Hey Alex, this is Suzanne from the Stage 32 team. I just wanted to let you know I moved your post from Acting to Screenwriting, as it fits much better there. Let me know if you have any questions, and all the best to you!

Akshat Yadav

Hey Alex, this "standalone but centered" format is an interesting challenge. It's rare to see a single protagonist anchor different environments and cultures episode-to-episode without the narrative feeling disjointed.

If you're focusing on "choice and consequence" over exposition, then I believe the weight of the series relies almost entirely on the internal motives and logic of that one character. For this to be internationally scalable, that character’s manifesto has to be the constant that makes sense of the changing variables.
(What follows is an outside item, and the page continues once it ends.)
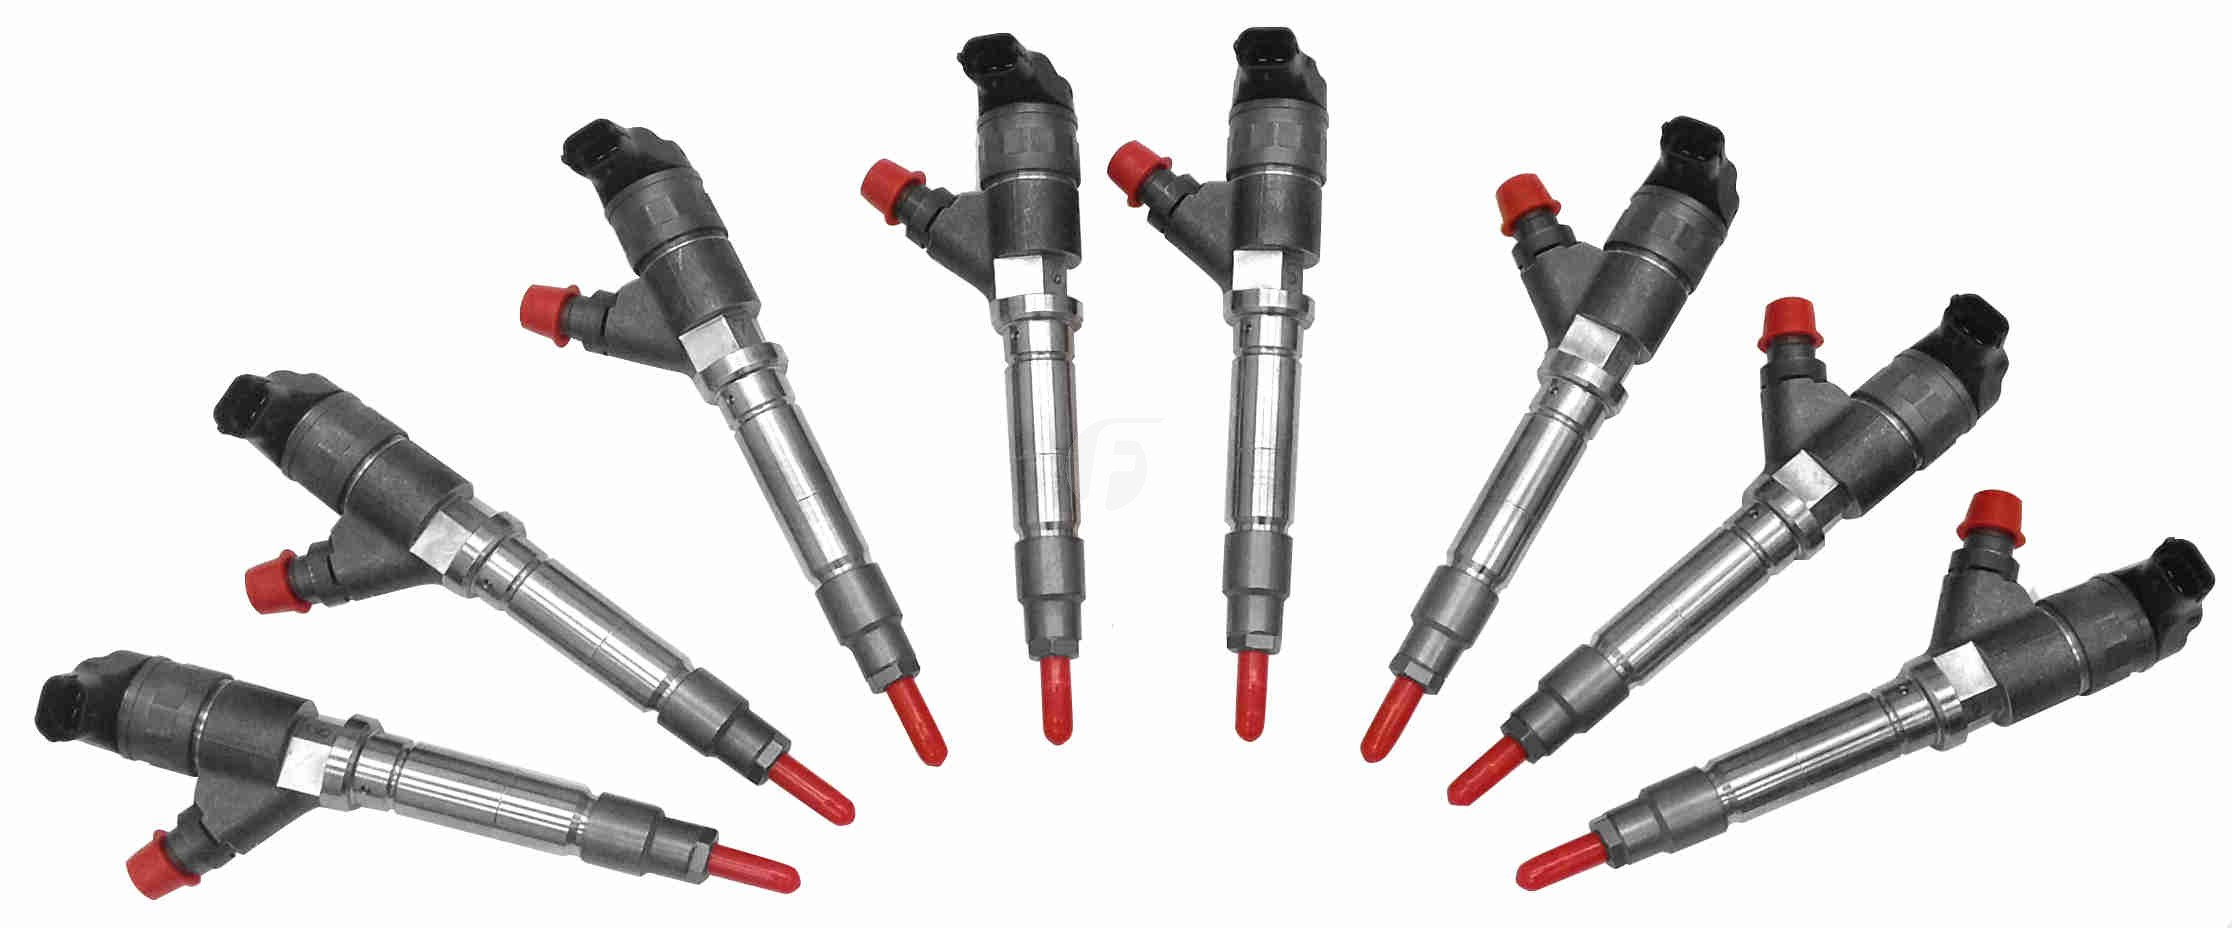 New Fleece Performance Lml Duramax Injectors Rlc Motorsports Lb7 Injector Wiring Diagram

I'd be curious to know: how do you intend to sustain tension in the audience when the elements change so frequently? This is truly intriguing, the vision is bold, but I believe the structure will need to be bulletproof for a system like this to work long-term.

Alex Mutnyi

Thanks, Akshat — that’s a sharp observation.

The tension isn’t coming from external continuity, but from the consistency of Alex’s internal logic.

Each episode is a closed system, but Alex operates under a fixed set of principles — almost like a personal code. That code creates continuity, even when environments, cultures, and conflicts change.

So the audience doesn’t follow the plot — they follow how far he’s willing to go each time.

That’s where the tension lives.

Alex Mutnyi

That’s exactly why I’m treating Alex as the constant — almost like a system rather than just a character.

Curious — from your perspective, what would you consider “bulletproof” for this kind of structure long-term?